Военный суд Рамаллы размещался на территории тюрьмы, построенной британцами во времена, когда Палестина была британской мандатной территорией, – в приземистом бетонном комплексе, похожем на бункер, предназначение которого угадывалось сразу: видеть его – уже наказание. Тюрьма пристроилась на верхушке голого песчаного холма на городской окраине, и мы, сделав разворот на кольцевой развязке у подножия, въехали на холм и остановились перед высоким сетчатым забором с двойным рулоном колючей проволоки наверху – внешней границей участка между тюрьмой и шоссе площадью четыре или пять акров. Мы с Джорджем вылезли, подошли к калитке, чтобы предъявить документы одному из троицы вооруженных охранников. Тот, не проронив ни слова, просмотрел их и вернул, после чего нам дозволили пройти еще метров тридцать вперед, до второй проходной, где в каждого, кто поднимался по дорожке, целился из окошечка пистолет-пулемет. Мрачный небритый молодой солдат за пулеметом холодно всматривался в нас, пока мы вручали свои документы другому охраннику, а тот швырнул их на свой стол и резко взмахнул рукой – мол, можете проходить.

– Молодые сефарды, – сказал мне Джордж, когда мы двинулись дальше, к боковому входу тюрьмы. – Марокканцы. Ашкеназы предпочитают не марать рук. Перепоручают роль палачей своим смуглолицым собратьям. Для чистоплюев-ашкеназов невежественные арабоненавистники с Востока служат весьма полезной пролетарской ордой универсального назначения. В Марокко они, конечно, не питали ненависти к арабам. Прожили в согласии с арабами тысячу лет. Но белые израильтяне научили их и этому – как ненавидеть арабов и как ненавидеть самих себя. Они превратили их в своих наймитов-головорезов.

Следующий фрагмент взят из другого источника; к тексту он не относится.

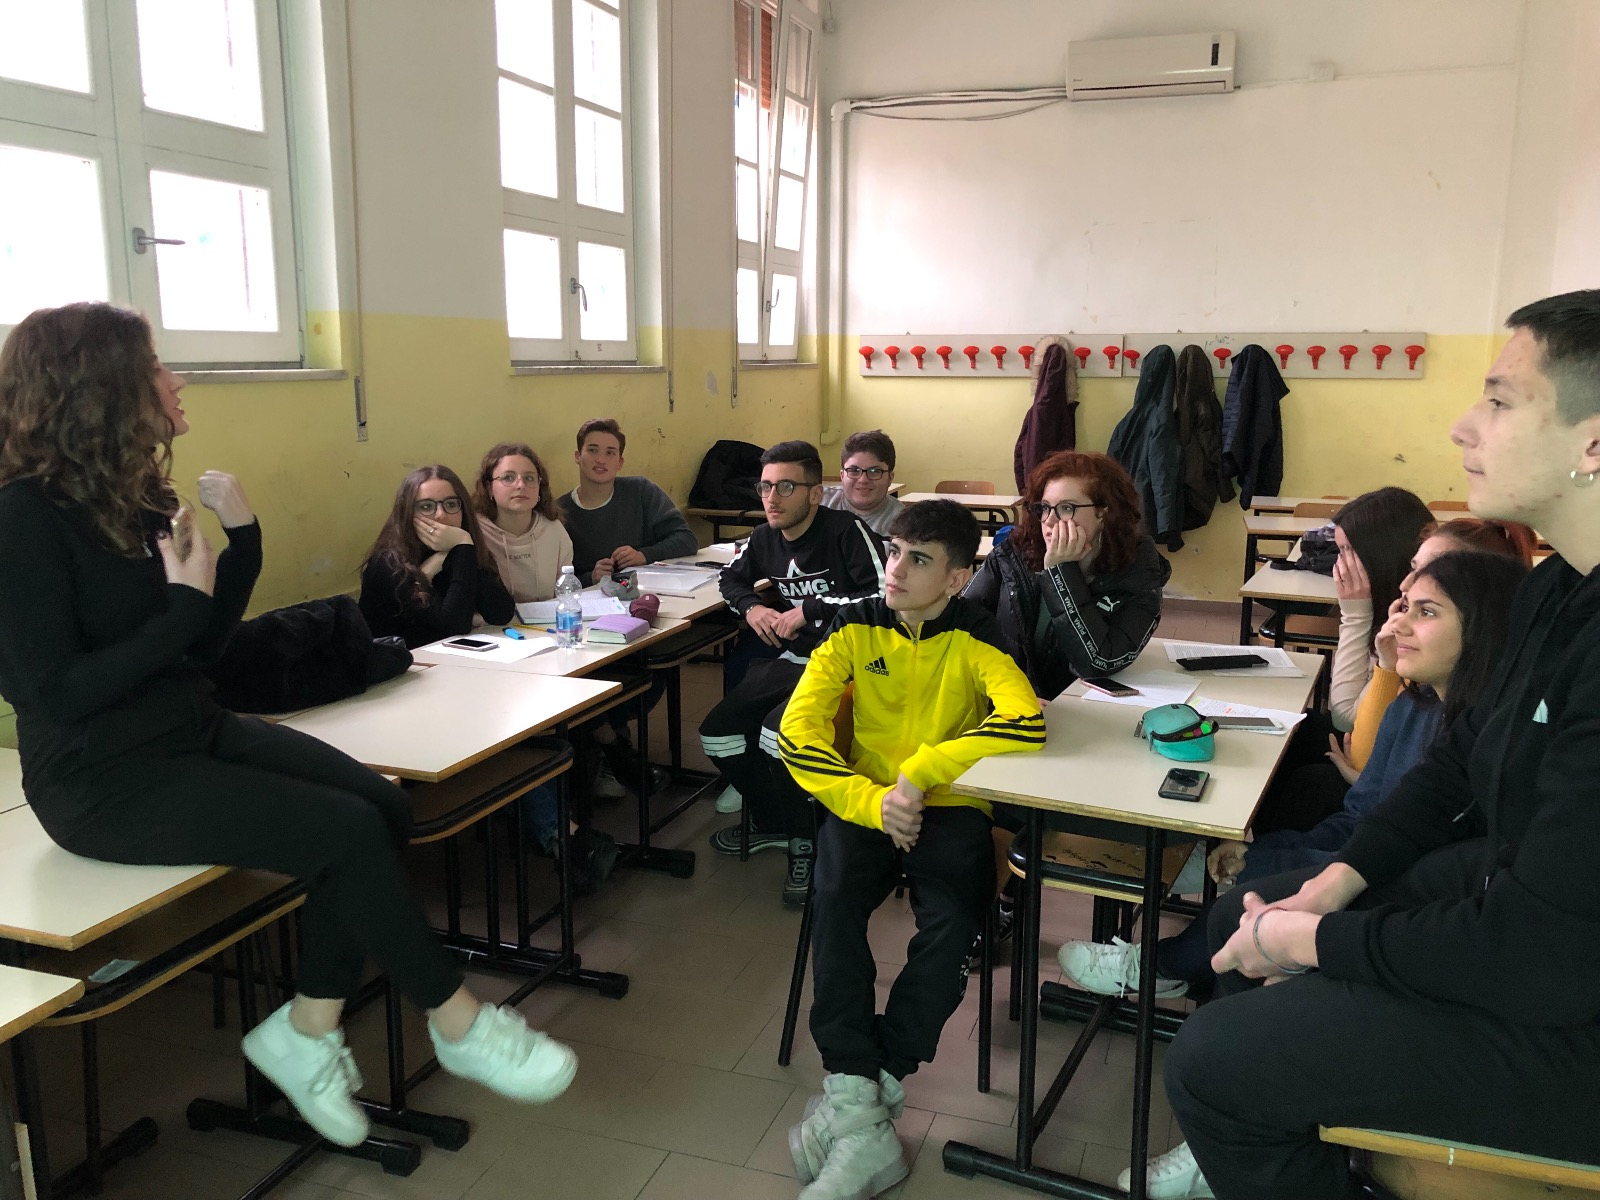 MEP - SESSIONE DI ISTITUTO 2019

Двое солдат, охранявших боковой вход, как и те, которых мы только что повстречали, выглядели так, словно их завербовали в самых страшных трущобах какого-нибудь мегаполиса. Впустили нас – ни слова, ни полслова – внутрь, и мы вошли в обшарпанный зал суда, куда удалось бы втиснуть максимум две дюжины зрителей. Половину мест занимали израильские солдаты, которые, насколько я мог заметить, не имели при себе оружия, но смотрелись так, словно могли бы влегкую подавить беспорядки голыми руками. В грязном камуфляже и армейских ботинках, с расстегнутыми воротниками и непокрытыми головами, они сидели, лениво развалившись, но с совершенно хозяйским видом, раскинув руки вдоль спинок деревянных скамей. В первый момент мне показалось, что это молодые отморозки, коротающие время в вестибюле агентства, где трудоустраивают вышибал.

На помосте в дальней части зала, между двумя большими флагами Израиля, пришпиленными к стене за его спиной, сидел судья – армейский офицер лет тридцати пяти в форме. Стройный, с залысинами, чисто выбритый, аккуратно одетый, он внимал происходящему с проницательным видом человека мягкого и рассудительного – человека «нашего круга».

Во втором (если отсчитывать от помоста) ряду какой-то зритель поманил Джорджа, и мы оба тихонько пробрались к нему, уселись рядом. В этом ряду не было ни одного солдата. Они сбились вместе в дальней части, около двери в задней стене, которая, как я подметил, вела в отсек, где держали обвиняемых. Прежде чем дверь захлопнулась, я разглядел арабского мальчика. Даже с десятиметрового расстояния на его лице читался ужас.

Мы присоединились к поэту-юристу, брат которого обвинялся в метании коктейлей Молотова, к поэту-юристу, которого Джордж называл одним из серьезных противников израильской оккупации. Когда Джордж представил нас друг другу, он приветливо пожал мне руку. Камиль° – так его звали – оказался высоким усачом, тощим, как скелет, его черные глаза смотрели жарким выразительным взглядом «дамского угодника», как это раньше называлось, а манеры напомнили мне о той маске обходительного щеголя, которую так органично носил Джордж в Чикаго, когда звался Зи.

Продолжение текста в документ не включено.